Let (U, A, B) be the ordered triple corresponding to the event "Urn U is selected, then the first ball of color A is drawn from that urn, then the second ball of color B is drawn from the other urn". There are eight such ordered triples corresponding to outcomes in this experiment:
(1, black, black)
(1, black, red)
(1, red, black)
(1, red, red)
(2, black, black)
(2, black, red)
(2, red, black)
(2, red, red)
The probability distribution for each of these outcomes is as follows:
P(1, black, black) = 1/2 * s/(r+s) * (r+1)/(r+s+1)
P(1, black, red) = 1/2 * s/(r+s) * (s)/(r+s+1)
P(1, red, black) = 1/2 * r/(r+s) * (r)/(r+s+1)
P(1, red, red) = 1/2 * r/(r+s) * (s+1)/(r+s+1)
P(2, black, black) = 1/2 * r/(r+s) * (s+1)/(r+s+1)
P(2, black, red) = 1/2 * r/(r+s) * (r)/(r+s+1)
P(2, red, black) = 1/2 * s/(r+s) * (s)/(r+s+1)
P(2, red, red) = 1/2 * s/(r+s) * (r+1)/(r+s+1)
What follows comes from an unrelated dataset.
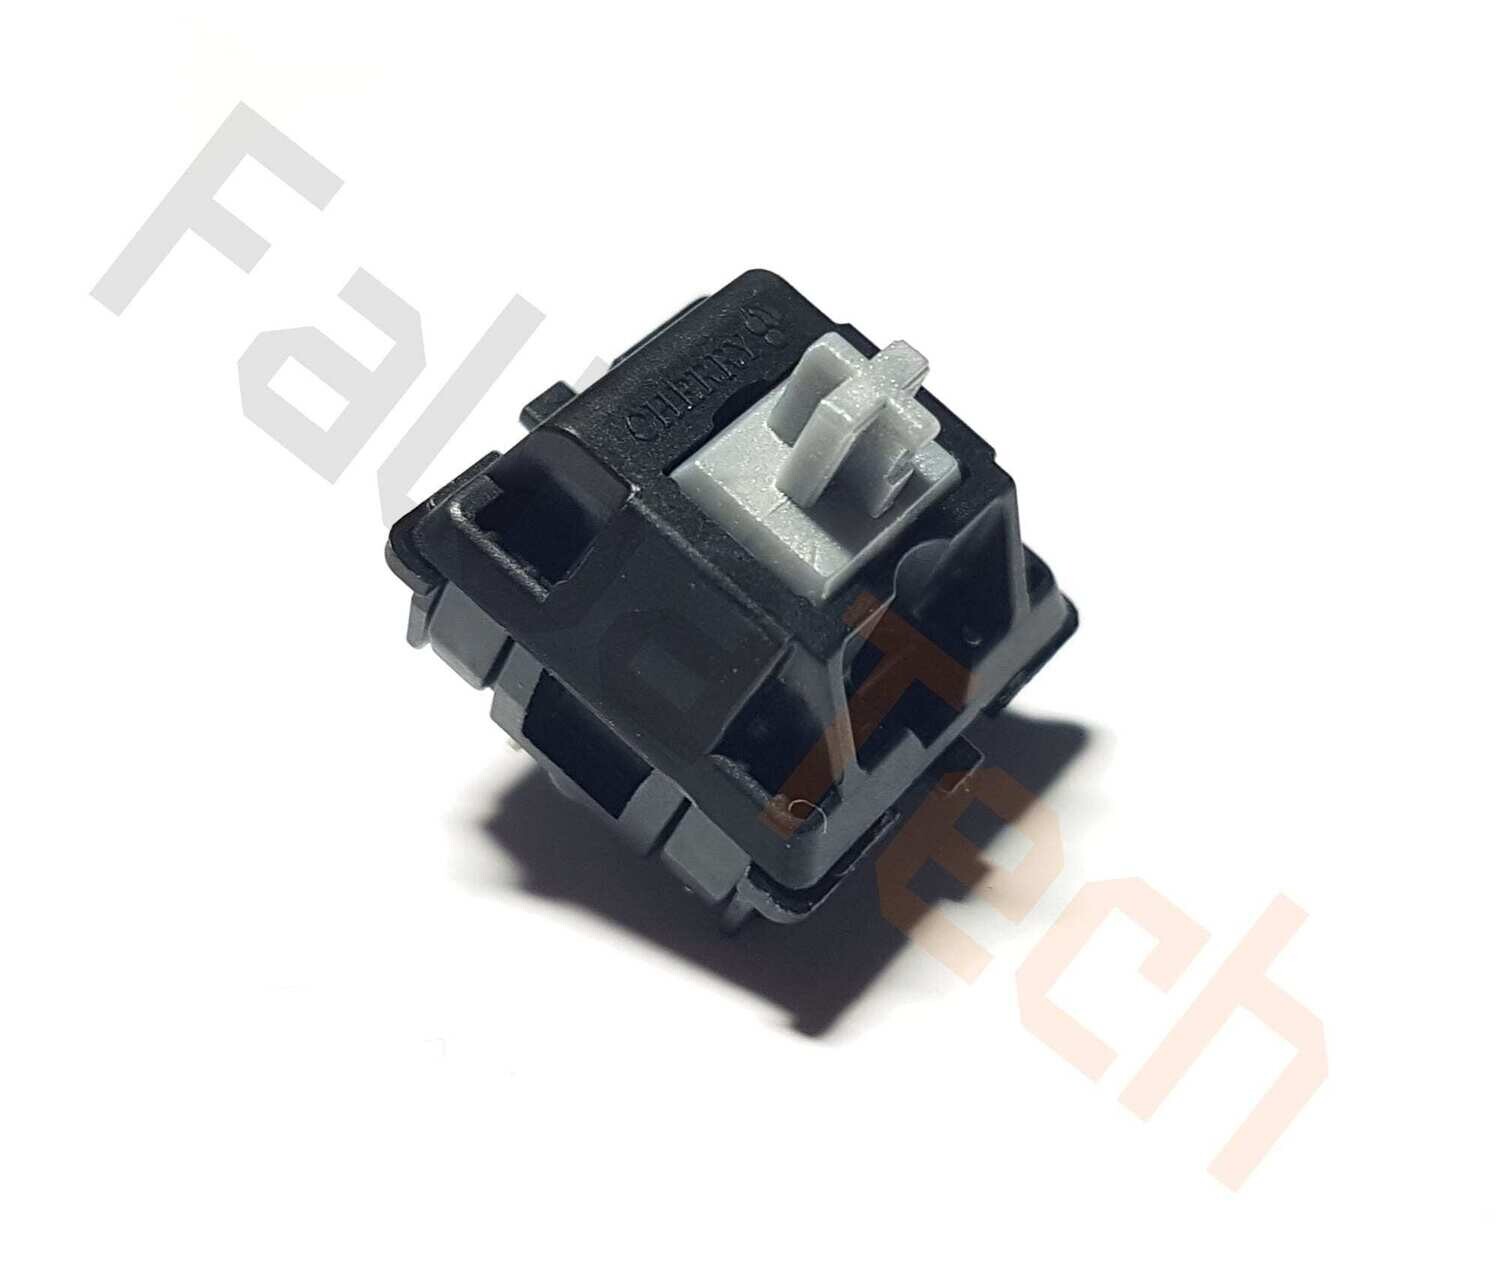 GH60 Key Switch Pack Cherry MX Silver Speed (Plate Mount)

The winning triplets are (1, black, black), (1, red, red), (2, black, black), and (2, red, red). Thus the probability of a win is 1/2 * s/(r+s) * (r+1)/(r+s+1) + 1/2 * r/(r+s) * (s+1)/(r+s+1) + 1/2 * r/(r+s) * (s+1)/(r+s+1) + 1/2 * s/(r+s) * (r+1)/(r+s+1), which simplifies to (2rs+r+s)/( (r+s)(r+s+1) ). Substituting s = 45 yields (91r+45)/( (r+45)(r+46) ).
The losing triplets are (1, black, red), (1, red, black), (2, black, red), and (2, red, black). Thus the probability of a loss is 1/2 * s/(r+s) * (s)/(r+s+1) + 1/2 * r/(r+s) * (r)/(r+s+1) + 1/2 * r/(r+s) * (r)/(r+s+1) + 1/2 * s/(r+s) * (s)/(r+s+1), which simplifies to (r2+s2) / ( (r+s)(r+s+1) ). Substituting s = 45 yields (r2+45) / ( (r+45)(r+46) ).
From the context of the problem statement, we assume that the payoff for a win is the same as the the penalty for a loss. Thus, in order for this game to be fair, the probability of a win must be equal to the probability of a loss. Equating these two yields the following equation:
(91r+45)/( (r+45)(r+46) ) = (r2+45) / ( (r+45)(r+46) )
=> 91r+45 = r^2 + 45
=> r = 91
Therefore, we require r = 91 to make this experiment a fair game. Hope this helps!